VOCAB_SIZE = len(word_to_idx)
NUM_LABELS = 2

class BoWClassifier(nn.Module):
    def __init__(self, num_labels, vocab_size):
        super(BoWClassifier, self).__init__()
        
        self.linear = nn.Linear(vocab_size, num_labels)
        
    def forward(self, bow_vec):
        return F.log_softmax(self.linear(bow_vec), dim=1)

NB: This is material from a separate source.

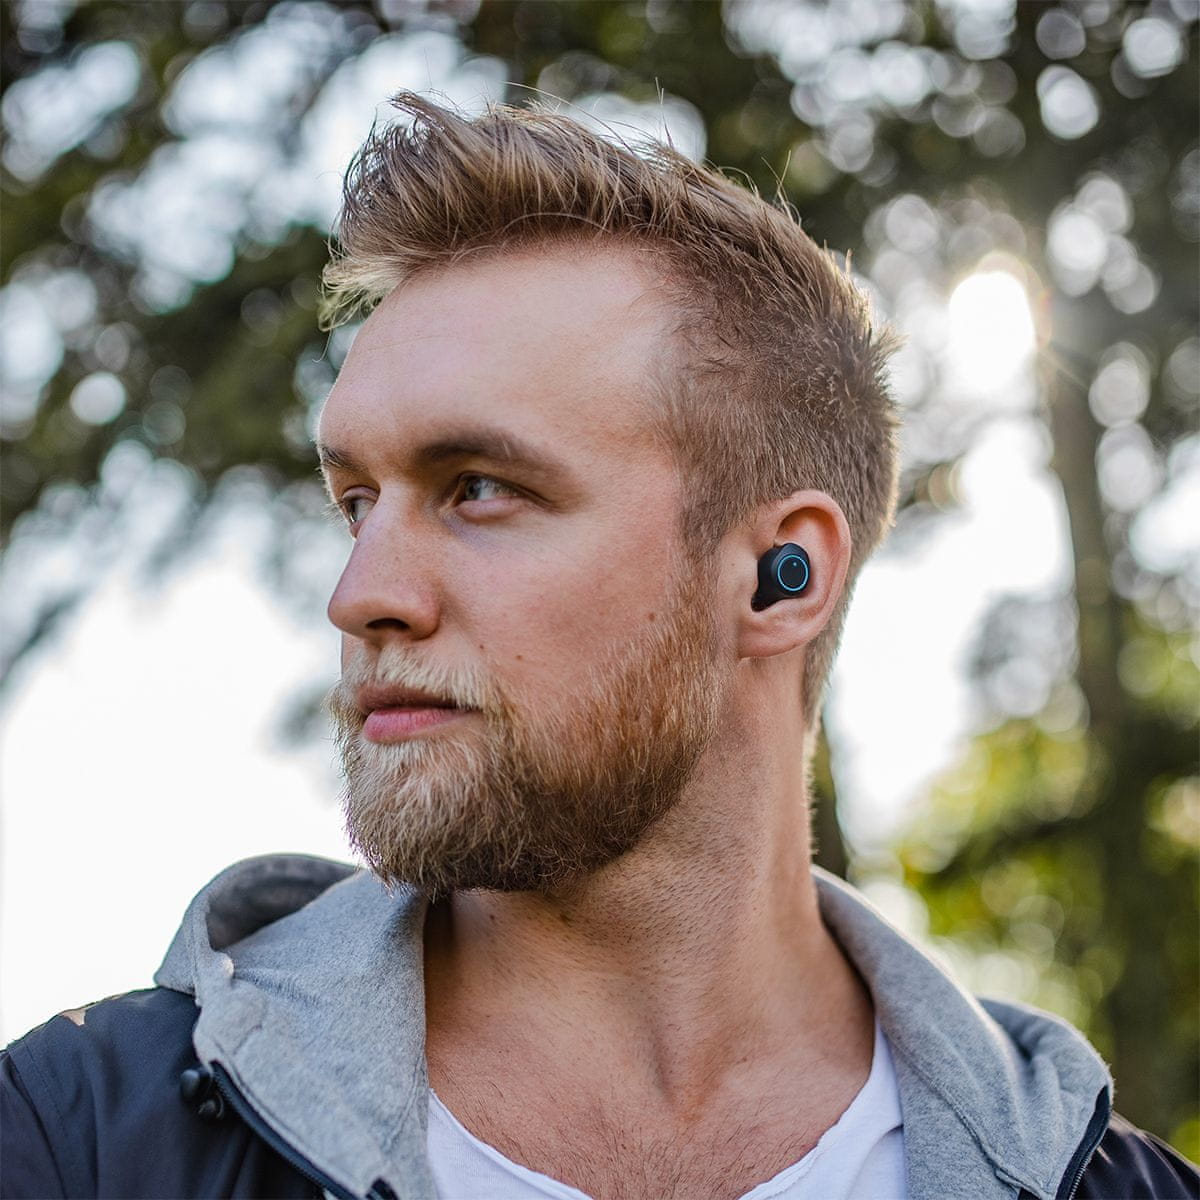 Bluetooth 5.0 niceboy hive drops fülhallgató füldugós verziója valódi vezeték nélküli nagyszerű hangzással maxxbass usbc töltés technológia érintőképernyős telefon kihangosítás intelligens gombok autópárosítás ipx4 töltőbölcső vízálló 3ó állóképesség modern kialakítás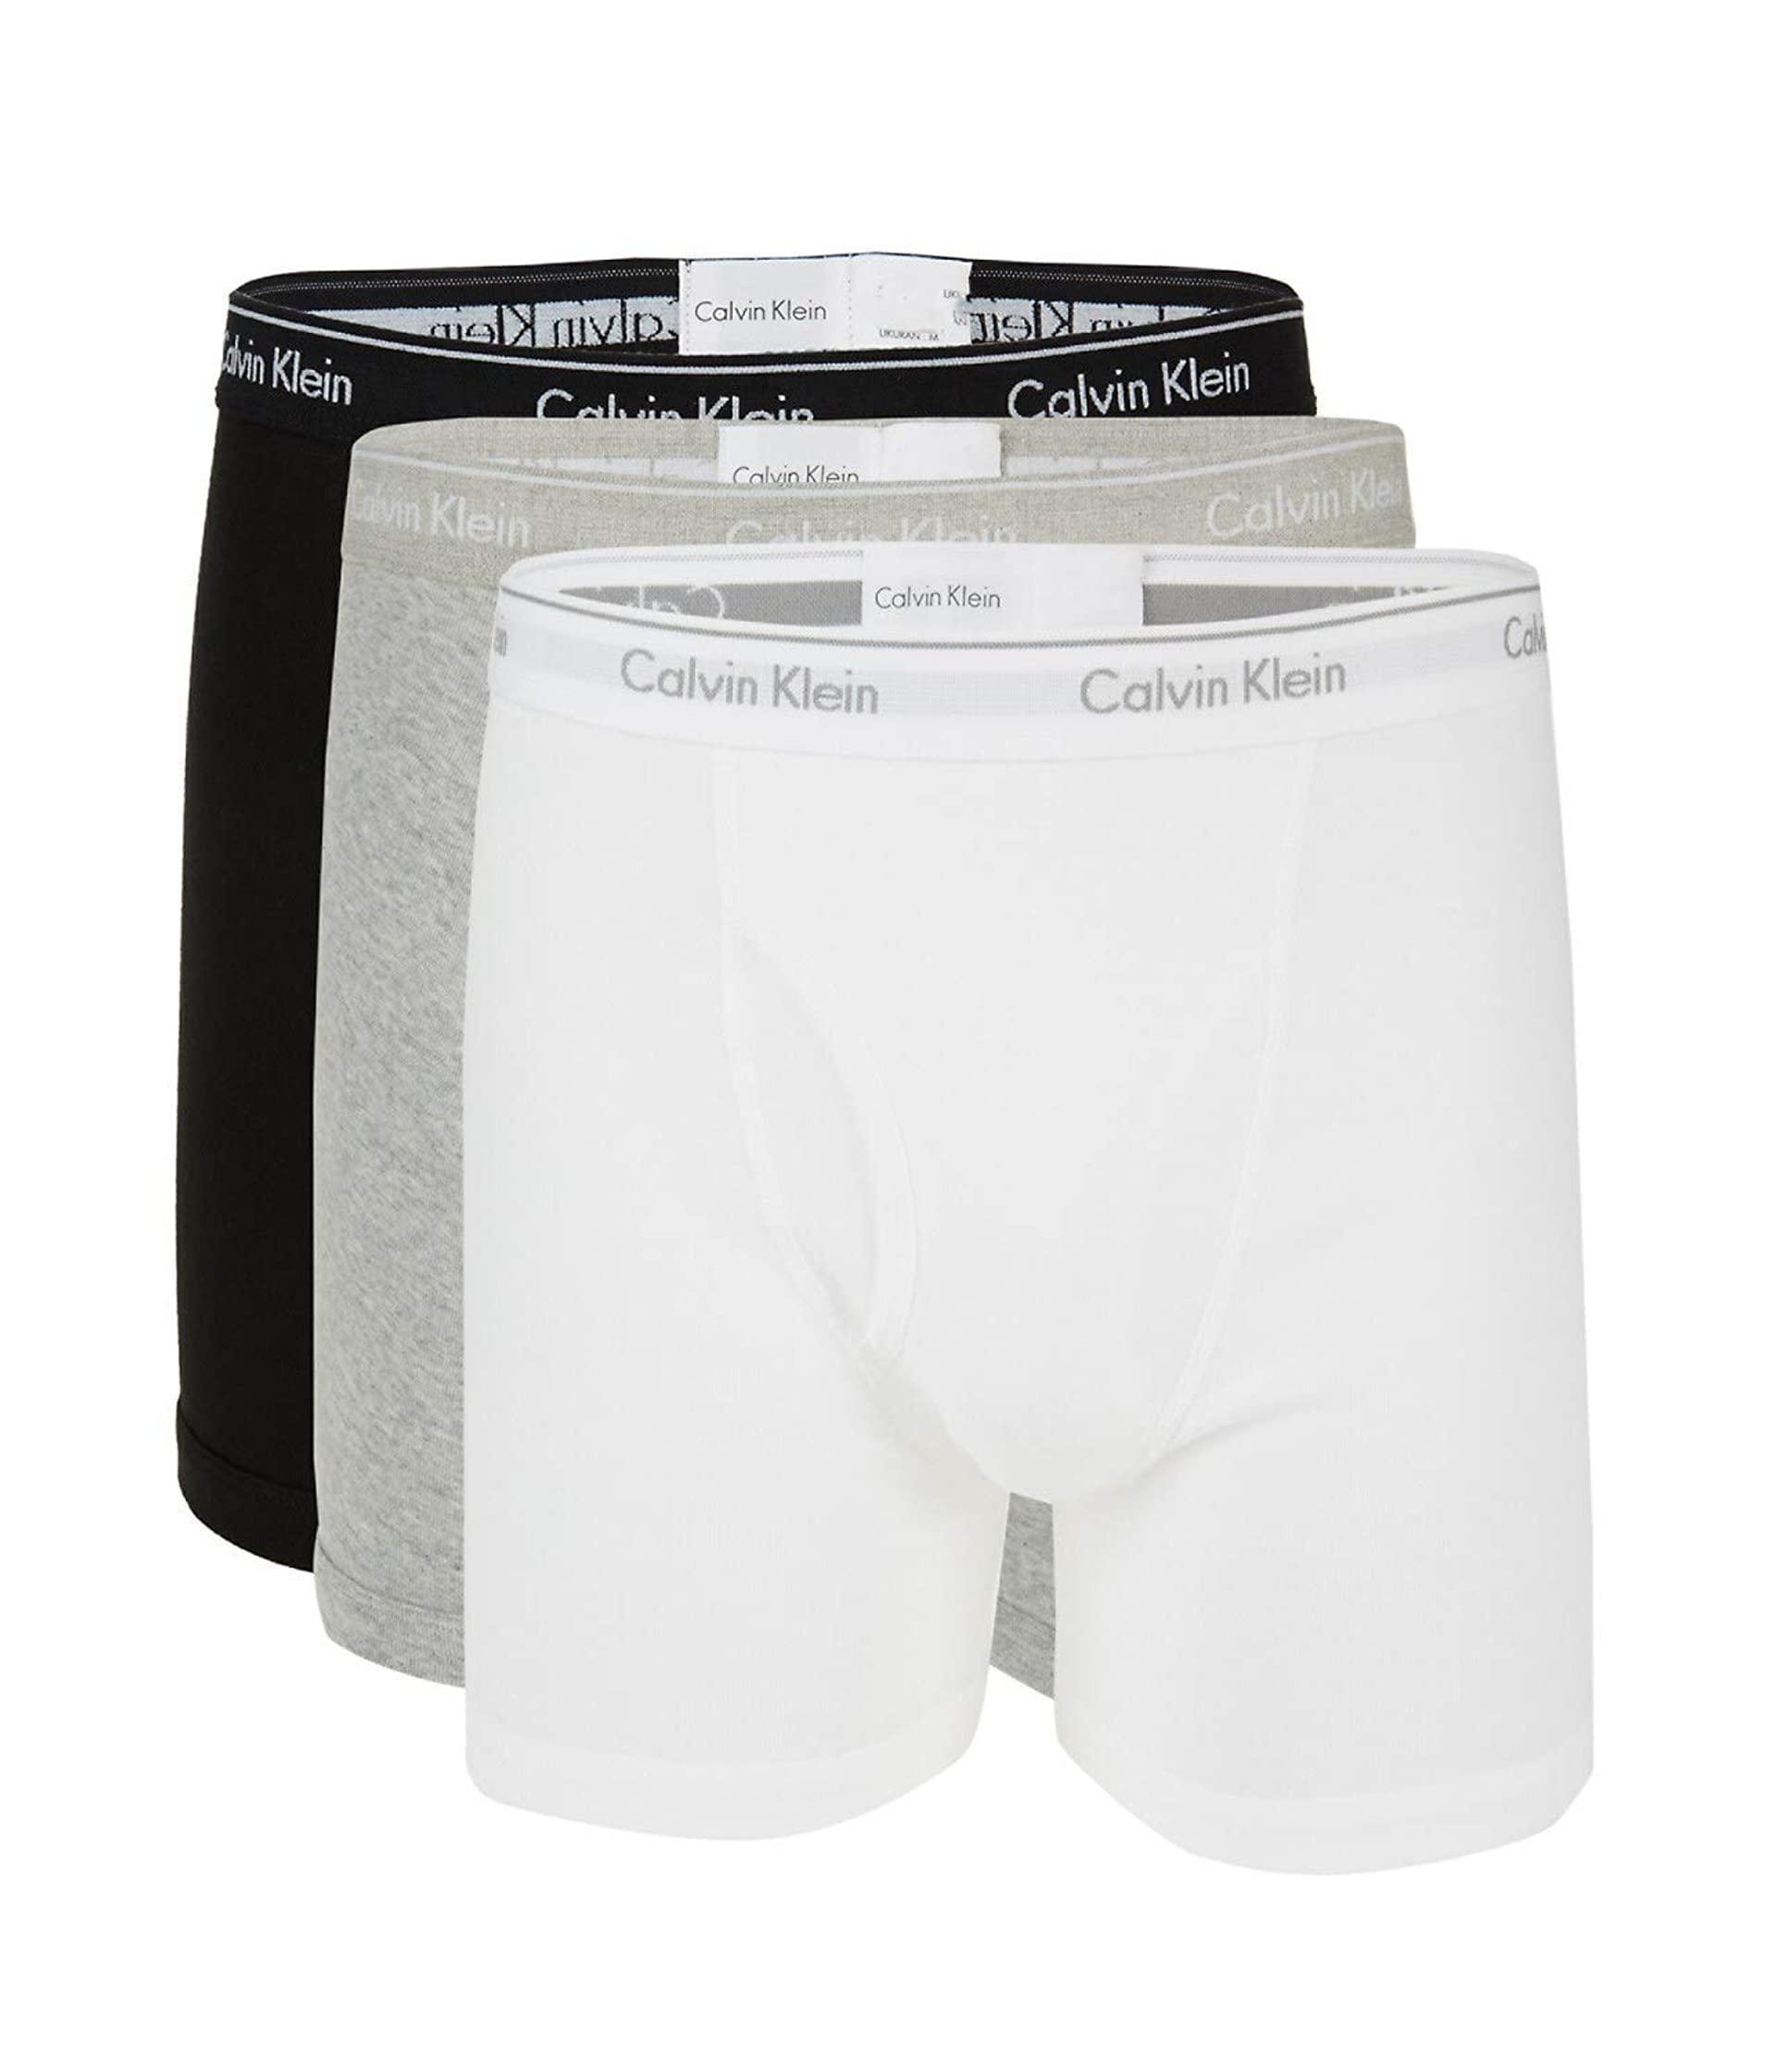 Calvin Klein 100% Cotton Boxer Briefs in Black, White, Grey Heather (White)  for Men - Save 65% - Lyst

def make_bow_vector(sentence, word_to_idx):
    vec = torch.zeros(len(word_to_idx))
    for word in sentence:
        vec[word_to_idx[word]] += 1
    return vec.view(1, -1)

def make_target(label, label_to_idx):
    return torch.LongTensor([label_to_idx[label]])

model = BoWClassifier(NUM_LABELS, VOCAB_SIZE)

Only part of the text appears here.